March 14, 1993| From Times Wire Services

SARAJEVO, Bosnia-Herzegovina — In chilling testimony Saturday at Bosnia's first war crimes trial, a Serbian soldier showed how he slit POWs' throats and described a massacre of 150 villagers.

He said orders to rape Muslim women came from the Bosnian Serbs' top leader.

At no point during more than two hours of testimony did Borislav Herak express any remorse for the 30 killings he is charged with. But he repeatedly told of superior officers who ordered him to murder or rape, and said he could have been killed for disobeying.

The trial, which opened Friday before a five-judge military tribunal, is the Bosnian government's first attempt to prove in court its claims that Serb nationalist forces have carried out widespread atrocities during the 11-month-old war.

Herak, 22, and co-defendant Sretko Damjanovic could face a firing squad if convicted.
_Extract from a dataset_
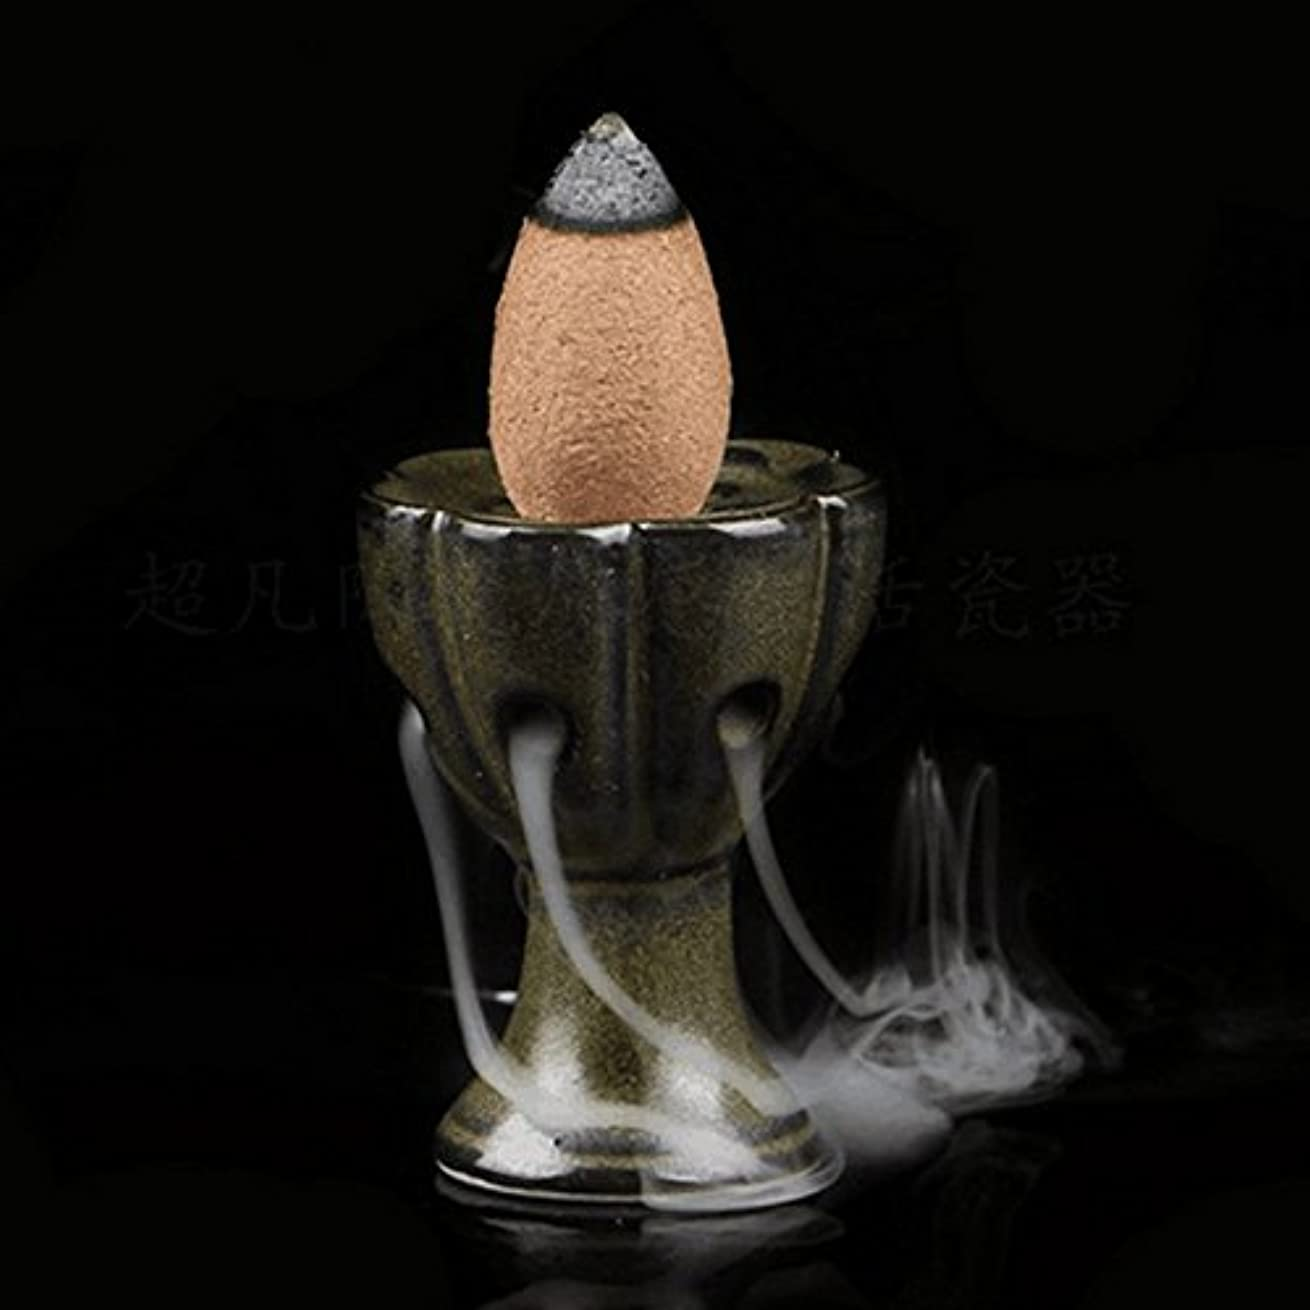 attachmenttou 仏教サンダルウッドコーン ホームデコレーション 逆流香炉クラフト 釉薬香炉ホルダー ミニロータスセラミック
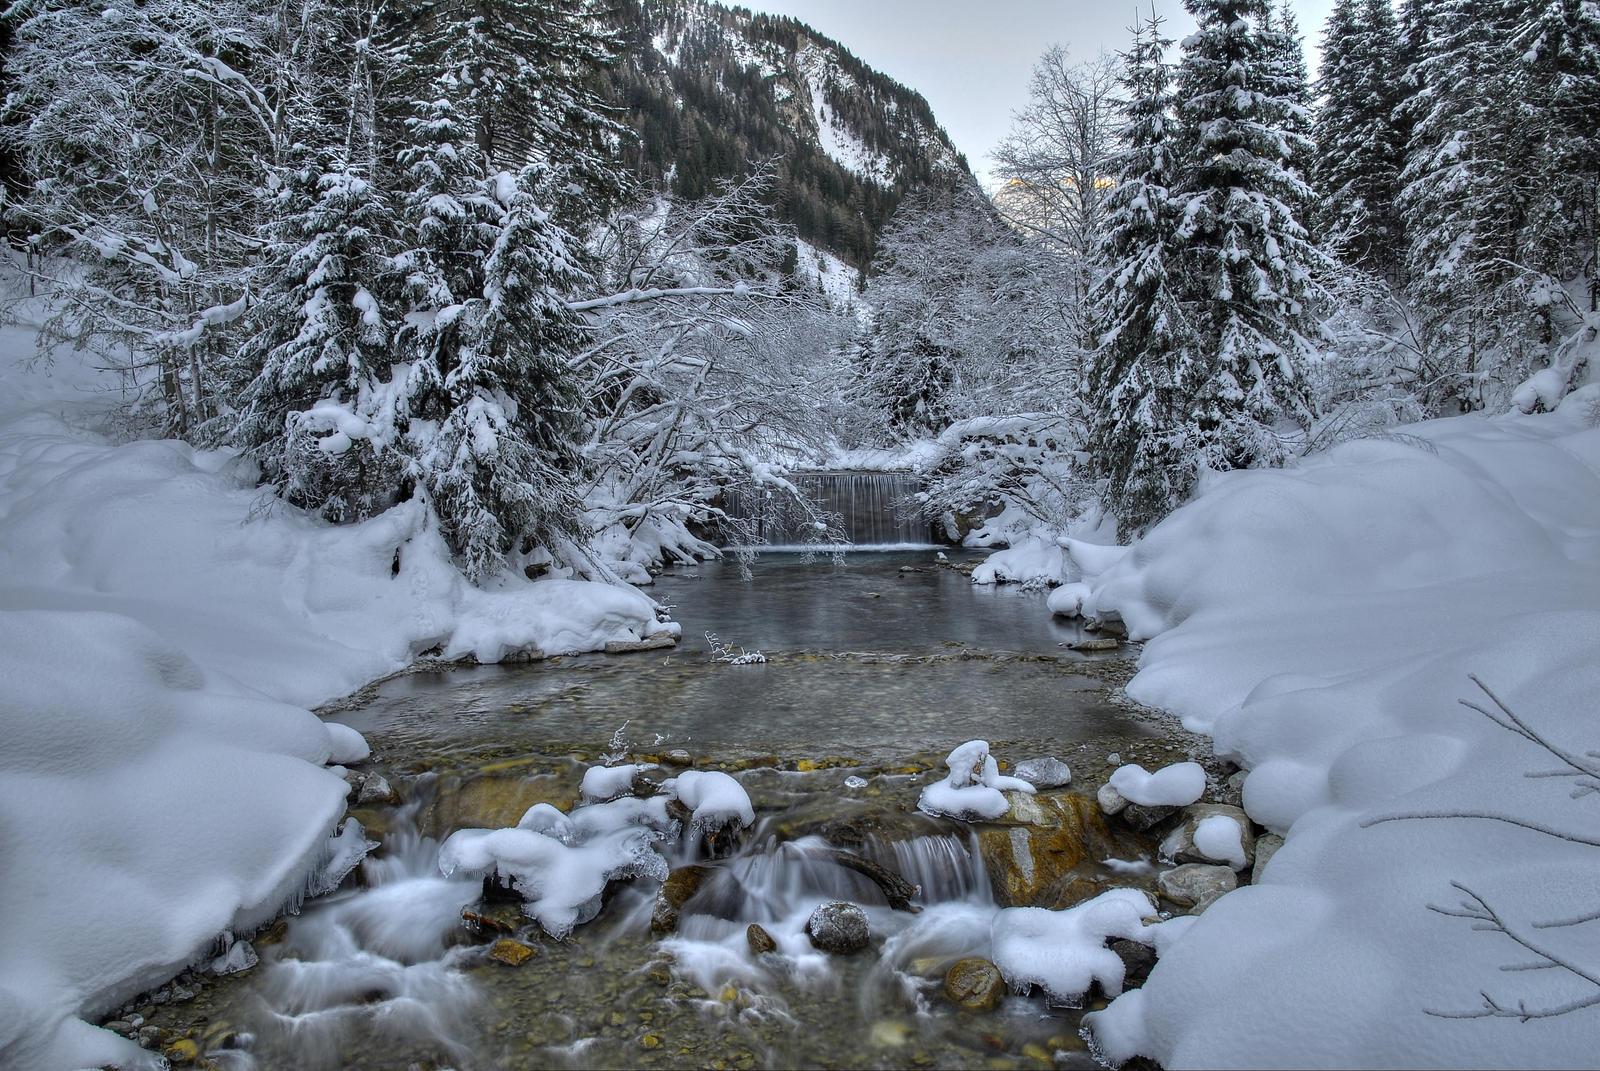 Snowy Riverscape by Burtn

Herak described growing up in Sarajevo, getting along with Muslim neighbors, until the war broke out last April. Relatives told him Muslims planned to kill all Serbs.

Herak said he was taken to a farm after joining the Serb army and taught slaughtering techniques, which he practiced on pigs.

"My commander told me that because I come from Sarajevo and lived with Muslims, I could be suspected as a spy, so I had to prove myself," Herak said. "All the time, another soldier was standing behind me with a rifle. If I didn't do it, they would shoot me."

At the request of the judge, Herak demonstrated the technique on a court security officer.

Herak said he later was sent with some soldiers from Serbia to the village of Ahatovici, near Sarajevo, with orders "to kill everybody and burn everything down."

He said about 150 villagers, including many children, were herded together and shot.

Herak said an order to rape Muslim girls and women came from a local commander who said the instructions came from Bosnian Serb leader Radovan Karadzic.

Also Saturday, in a dramatic amateur radio broadcast from the besieged eastern town of Srebrenica, French Gen. Philippe Morillon, commander of U.N. troops in Bosnia, backed Muslim demands for aid and urged the Serbs to stop their attack.